> Aim of the exercise
Reproduce, without alteration, every line of the data; exclude the images.

> Data shown
───

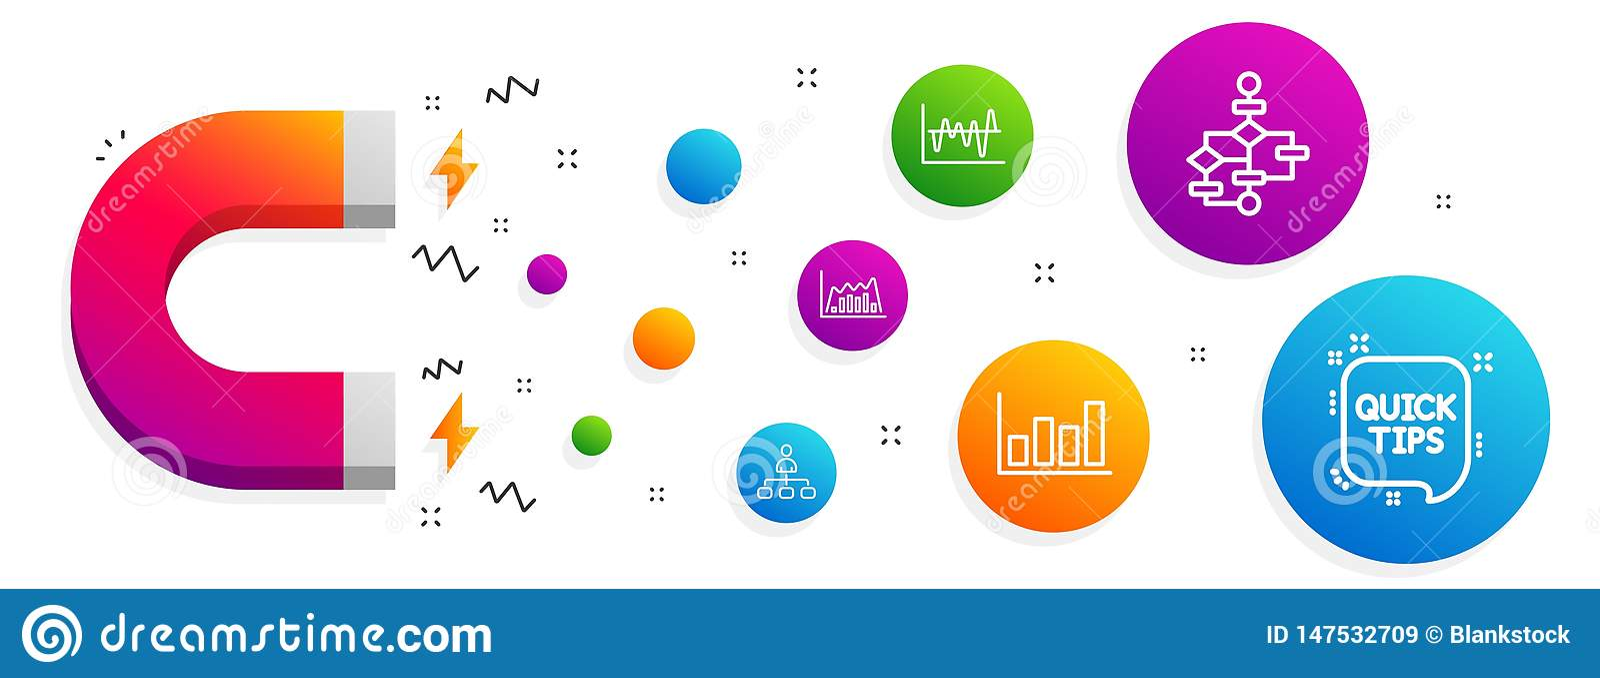 股票分析,管理和结构图象集合 报告图、Infographic图表和快的技巧标志 ??
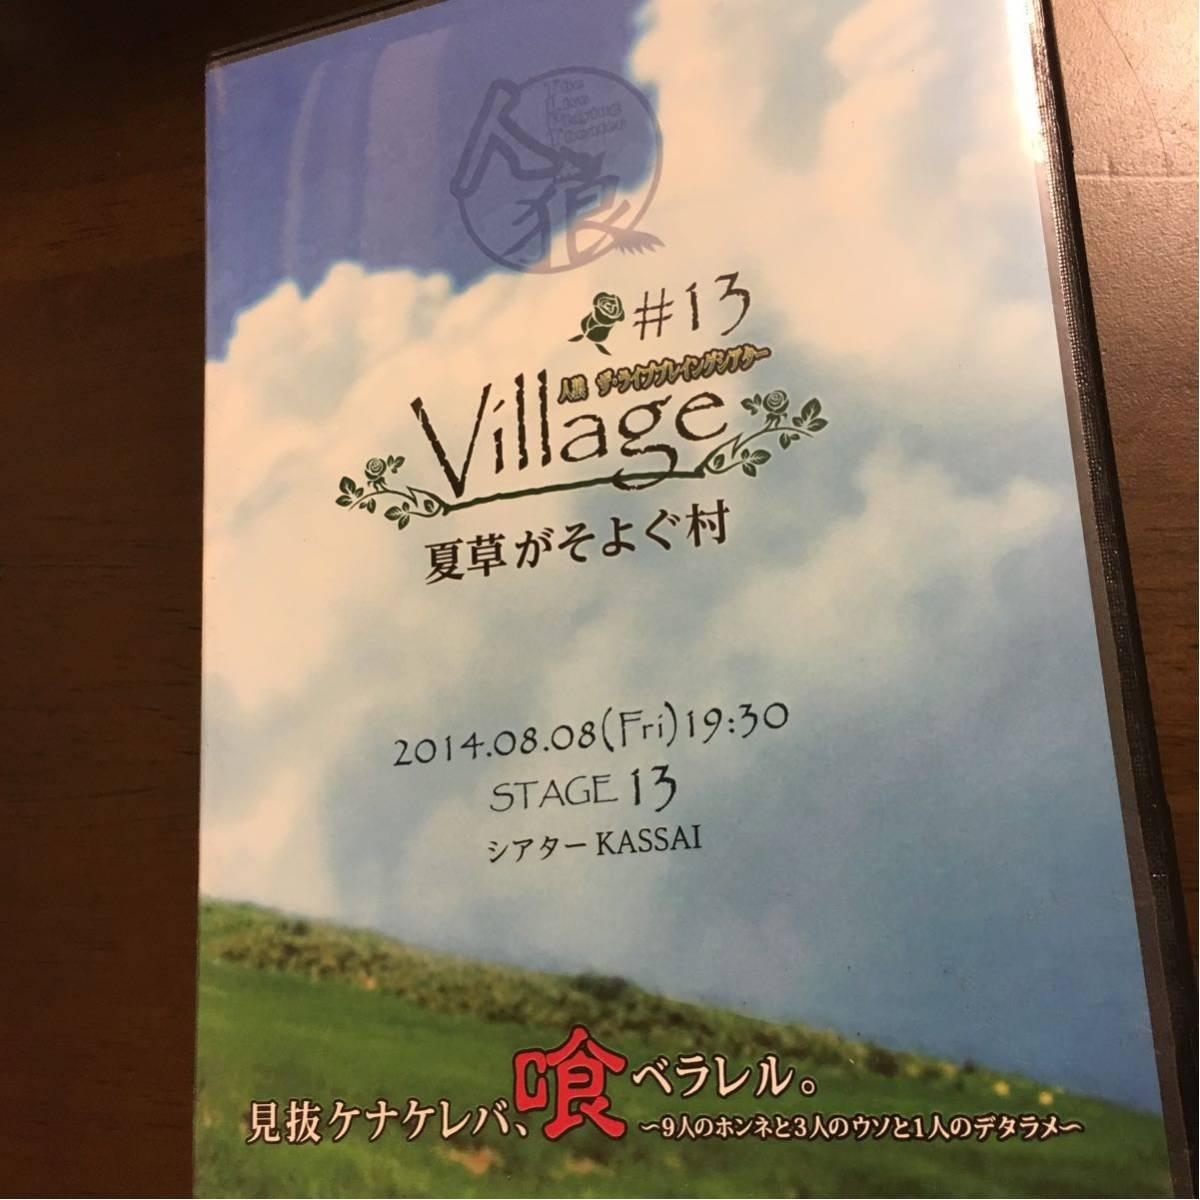 人狼 TLPT DVD 『Village 夏草がそよぐ村』 高木俊 横山可奈子 渡辺隼斗 溝口謙吾
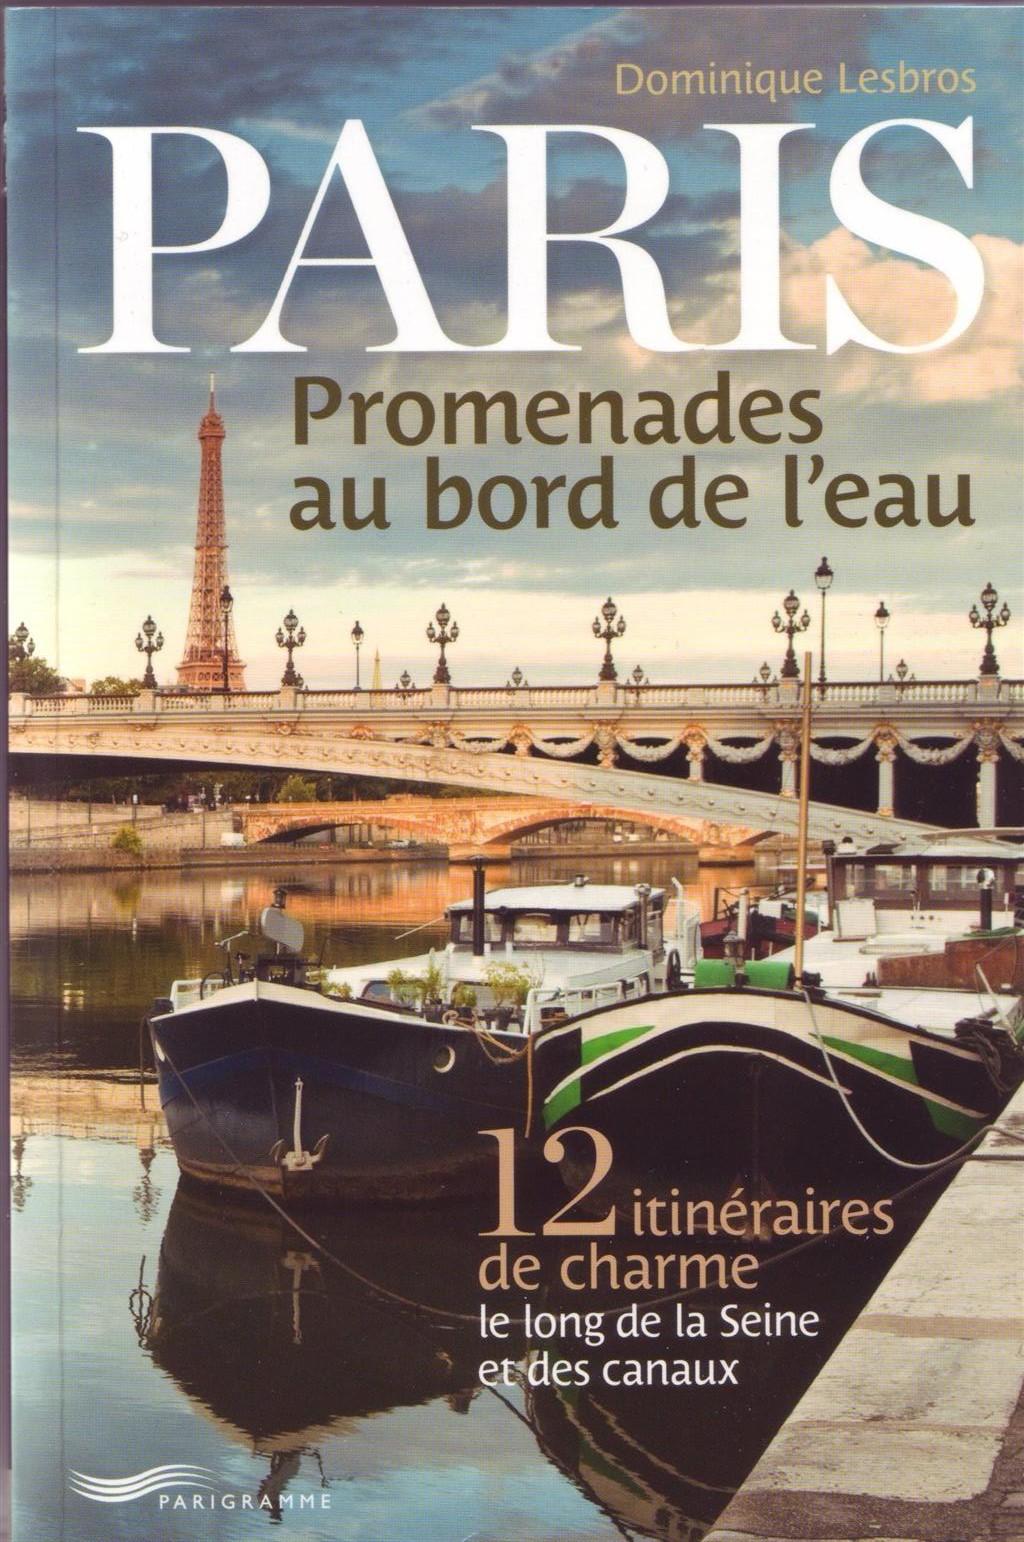 Paris - Promenades au bord de l'eau

───

> Task response
 股票分析,管理和结构图象集合 报告图、Infographic图表和快的技巧标志 ??
 人狼 TLPT DVD 『Village 夏草がそよぐ村』 高木俊 横山可奈子 渡辺隼斗 溝口謙吾
 Paris - Promenades au bord de l'eau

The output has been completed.